PROBLEM DETAILS. With the pictures left out, set down the line containing "Wool pantsuit by" and each line after it to the end of the material, exactly as written.
**** DATA SEGMENT
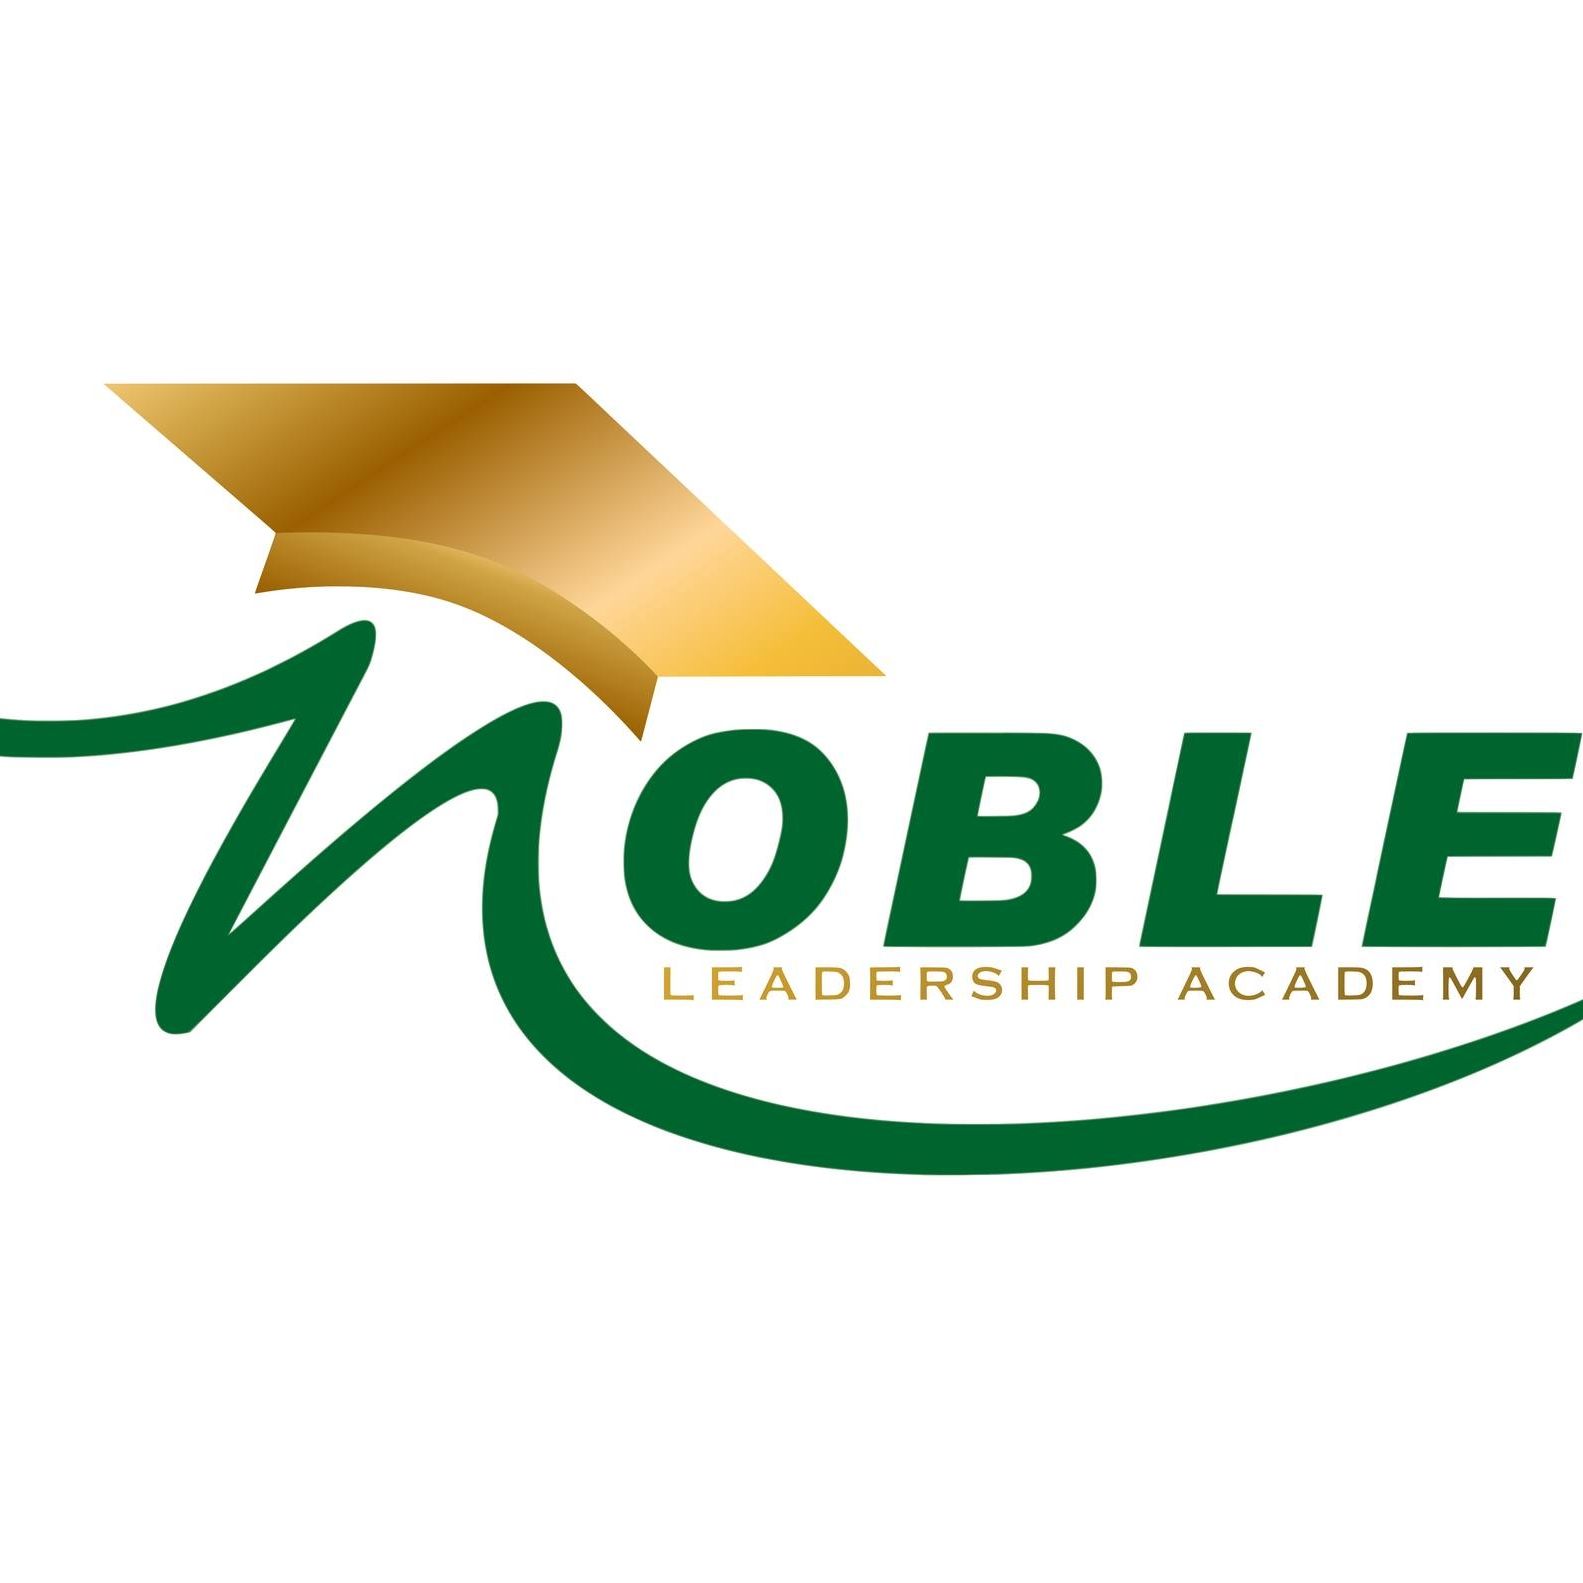 Noble Leadership Academy
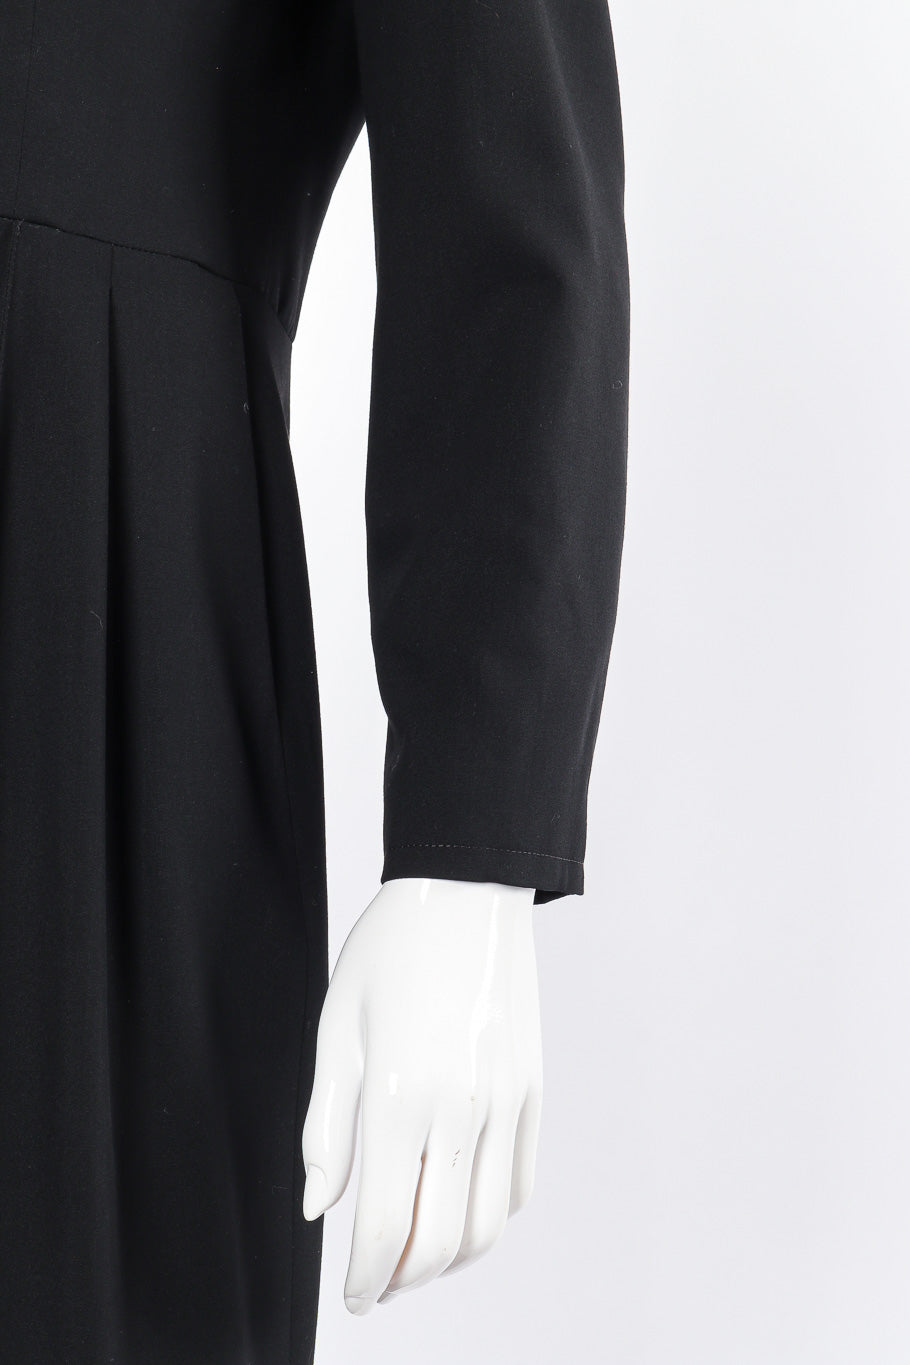 Wool pantsuit by Yves Saint Laurent Rive Gauche on mannequin sleeve @recessla
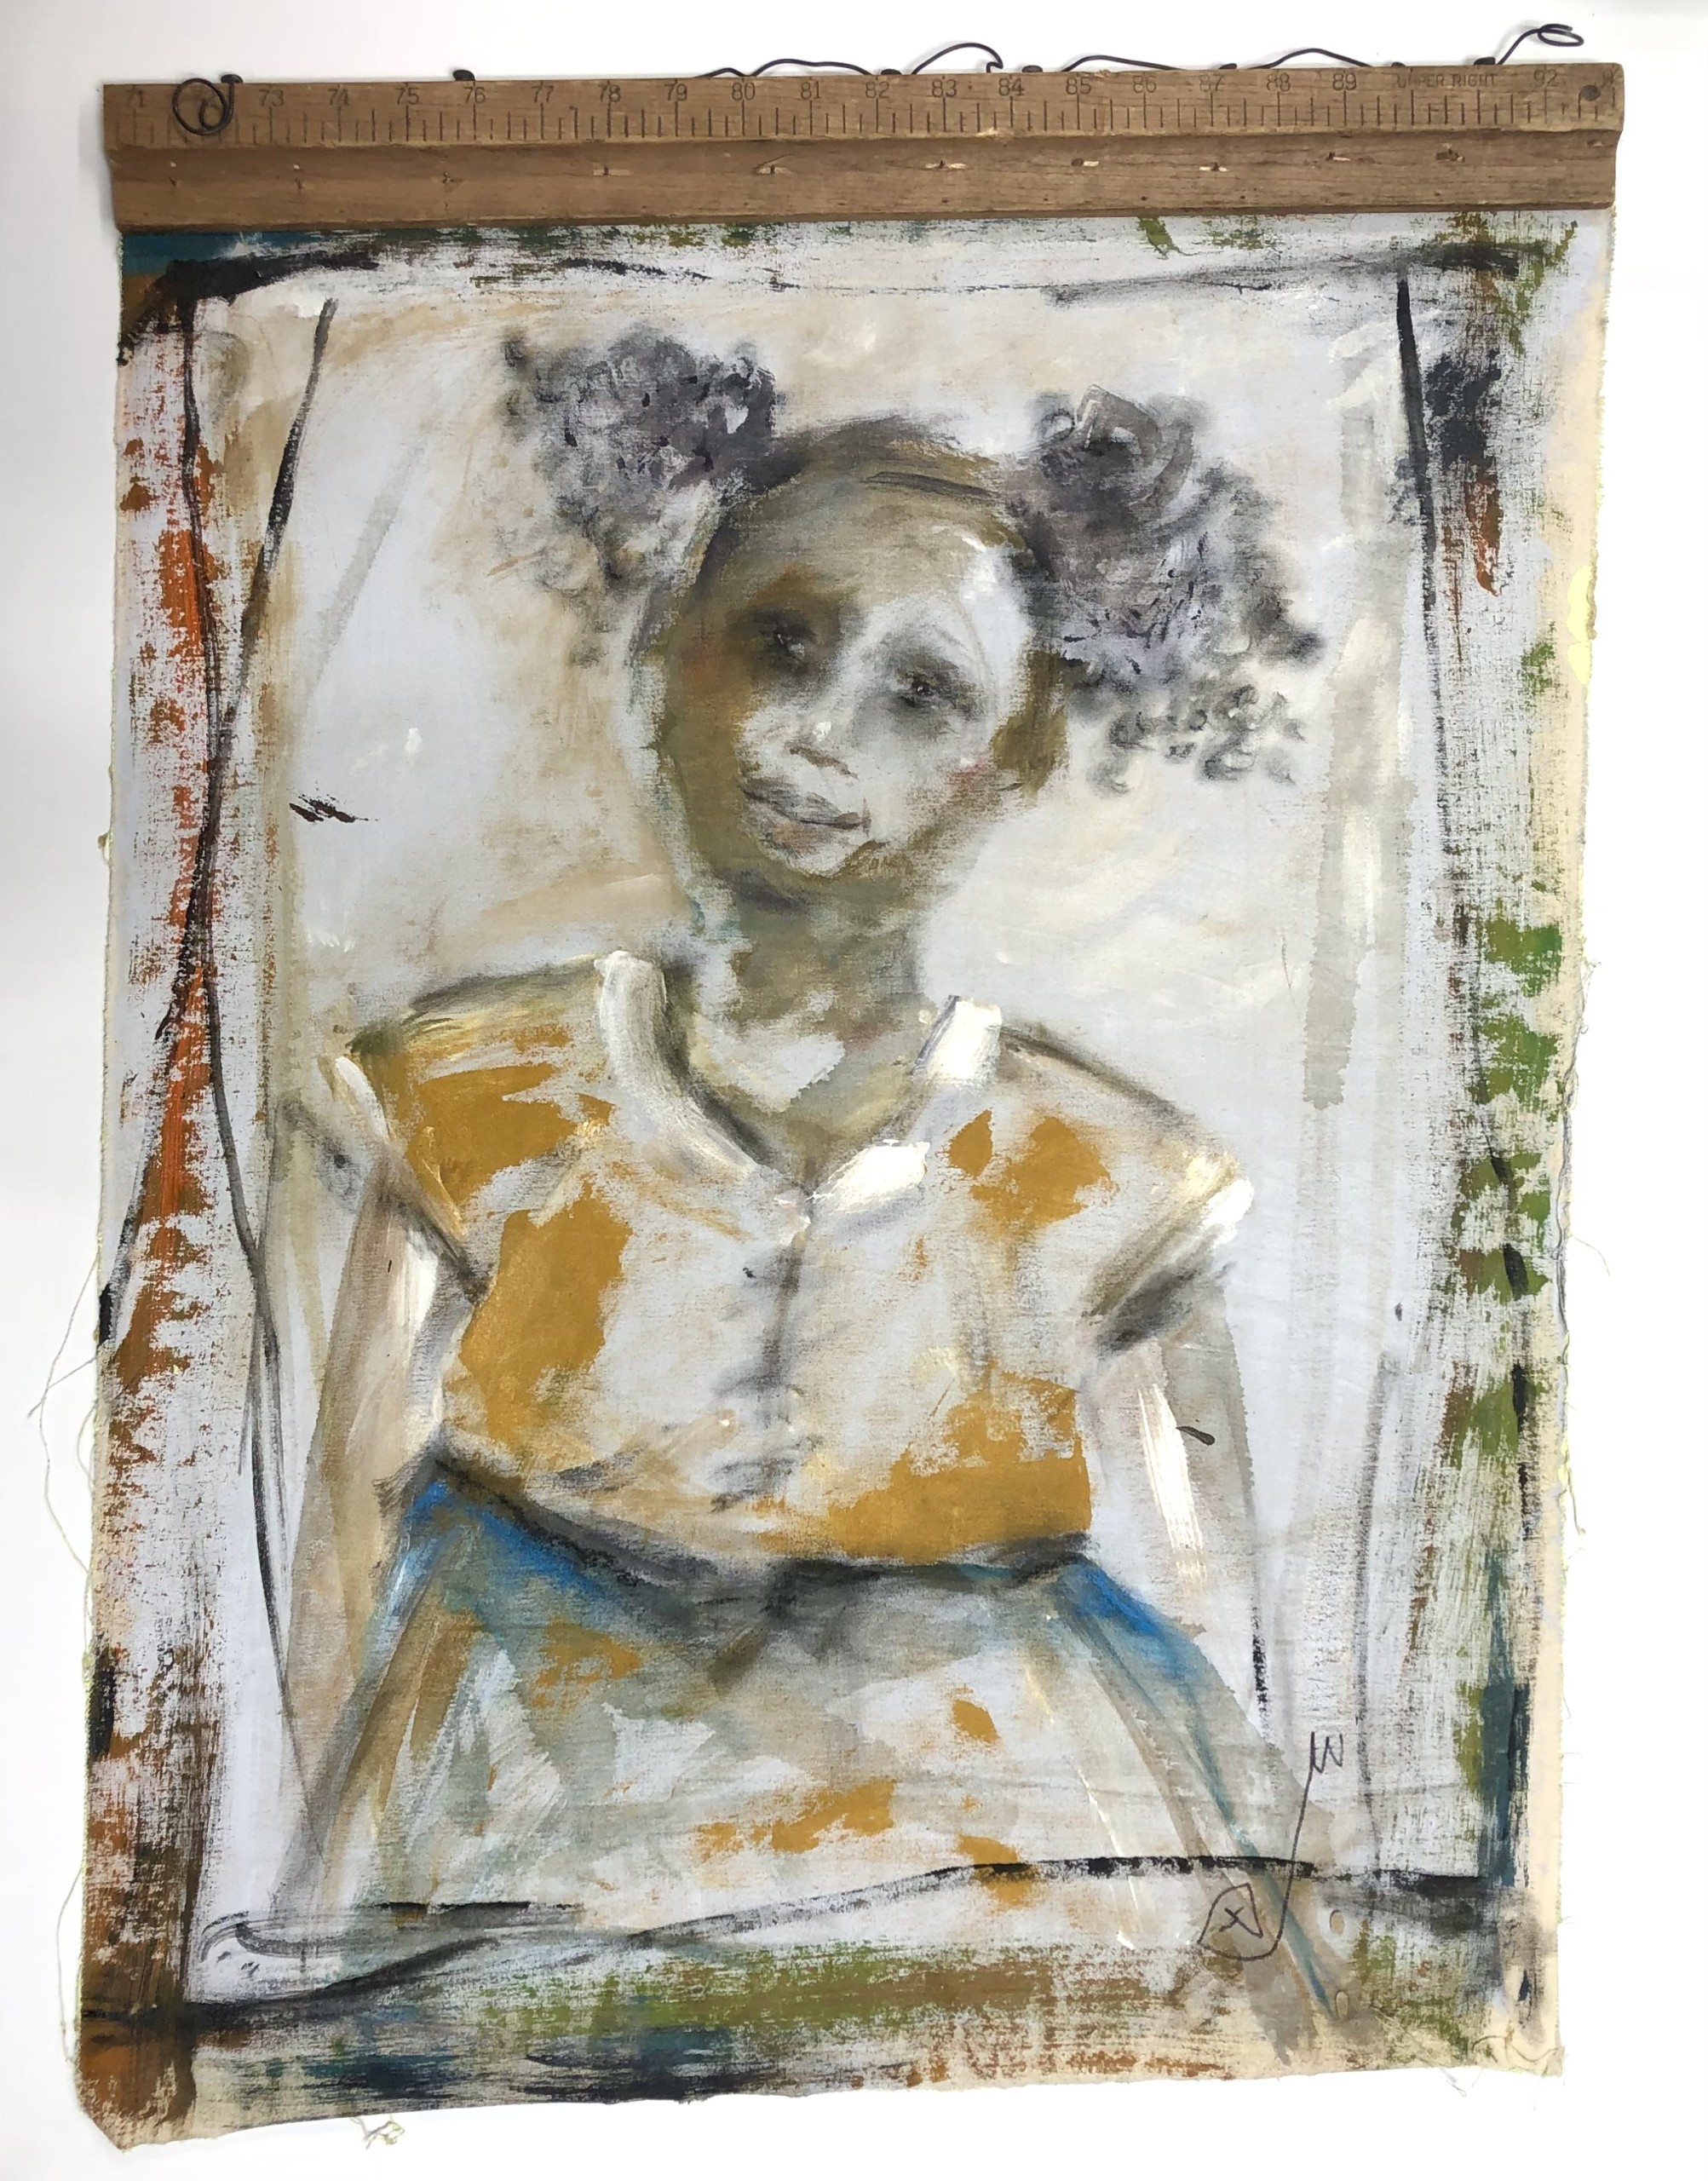 Jocelyn K Woodson, “Young Girl in Yellow”, Acrylic on canvas
********
WORKED SOLUTION.
 Wool pantsuit by Yves Saint Laurent Rive Gauche on mannequin sleeve @recessla
 Jocelyn K Woodson, “Young Girl in Yellow”, Acrylic on canvas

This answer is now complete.